▸ **Exercise details**
Strip the pictures and reproduce the rest of the listing exactly.

▸ **Source material**
******************************
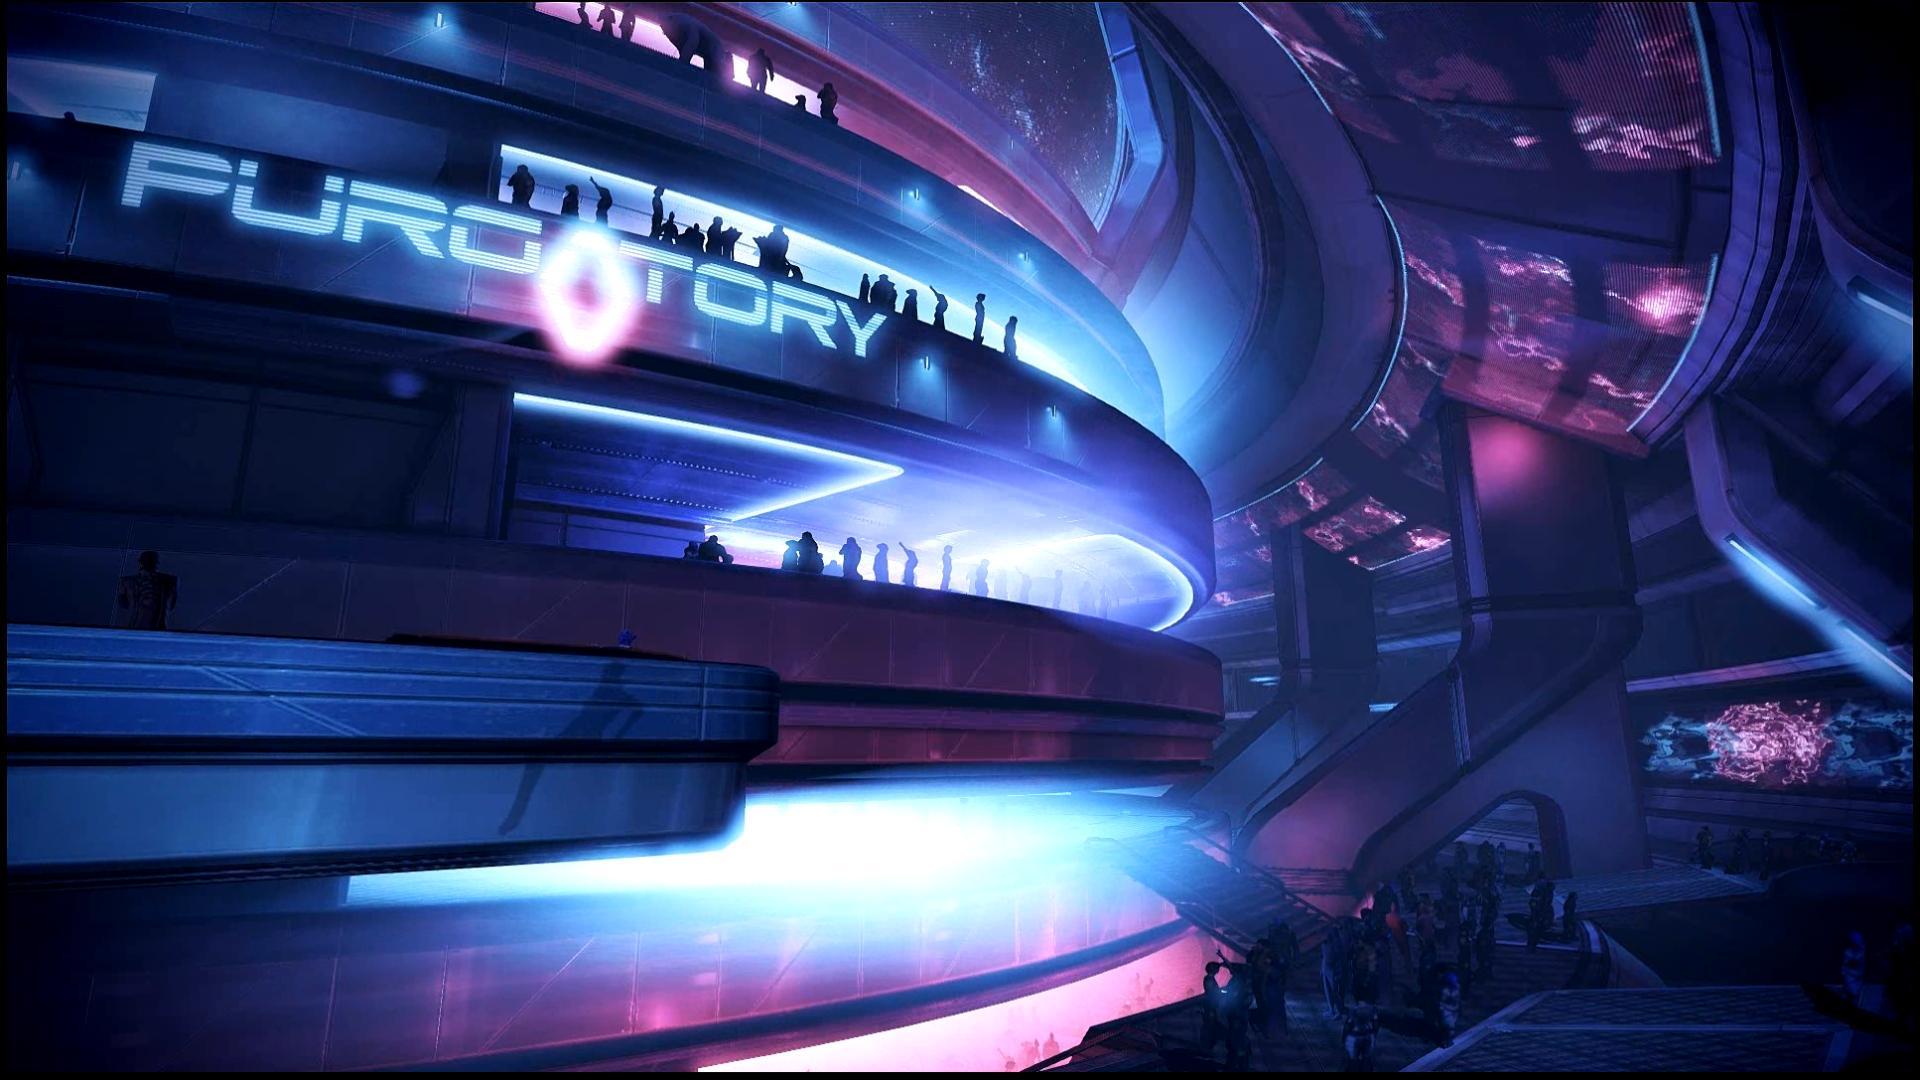 Mass Effect 3 Purgatory Dreamscene by droot1986
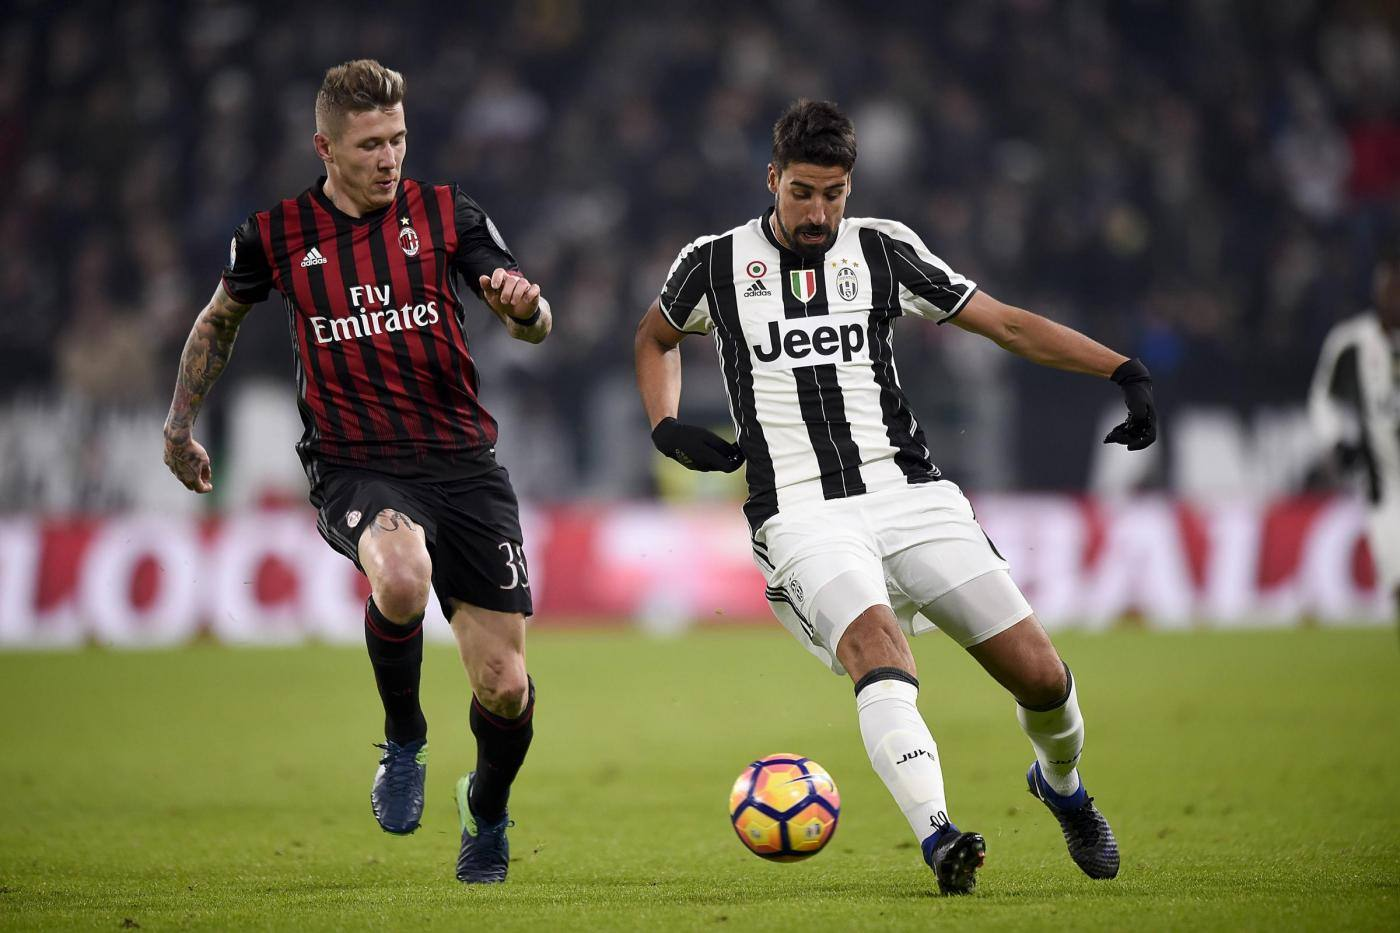 Juventus vs Milan Coppa Italia 2016/2017
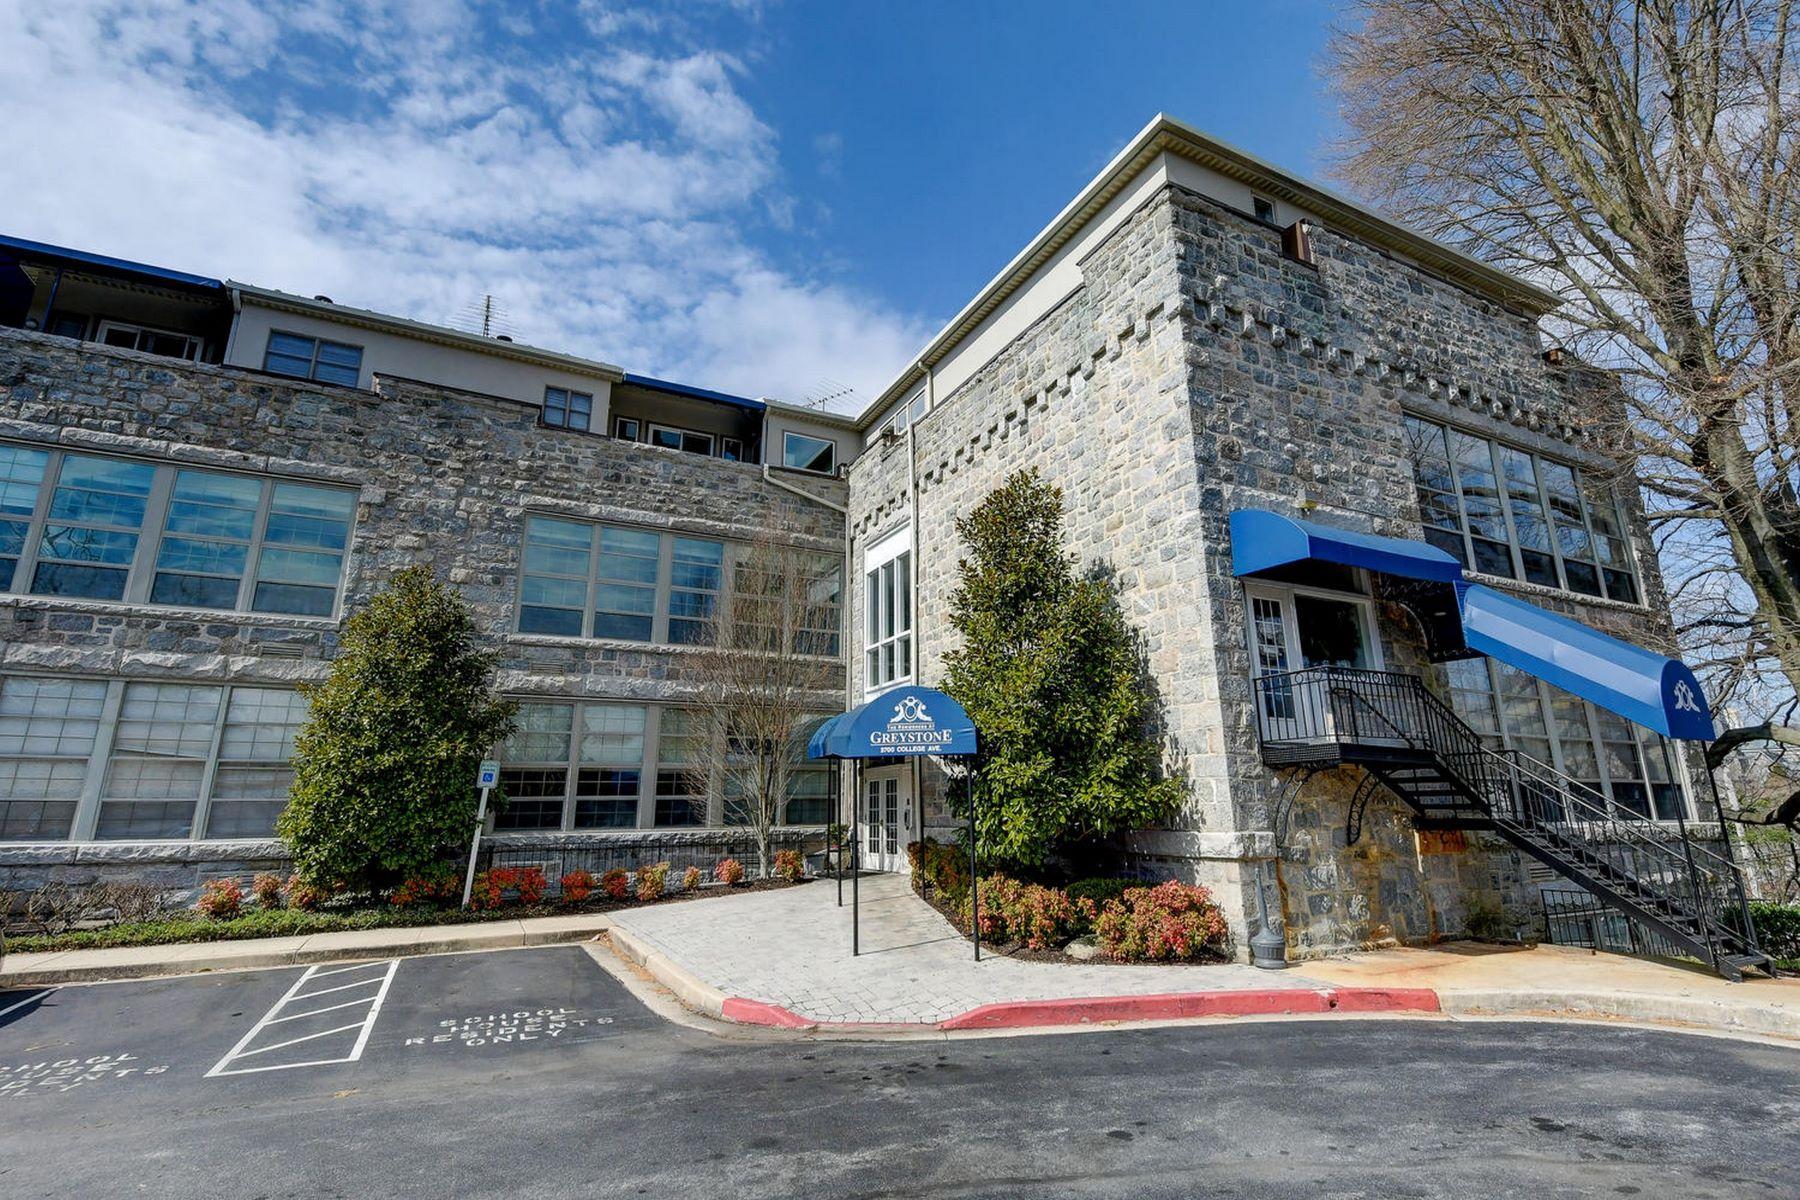 Condominiums for Sale at Greystone's Glory 3700 College Unit 304 Ellicott City, Maryland 21043 United States
******************************
▸ **Answer space**
 Mass Effect 3 Purgatory Dreamscene by droot1986
 Juventus vs Milan Coppa Italia 2016/2017
 Condominiums for Sale at Greystone's Glory 3700 College Unit 304 Ellicott City, Maryland 21043 United States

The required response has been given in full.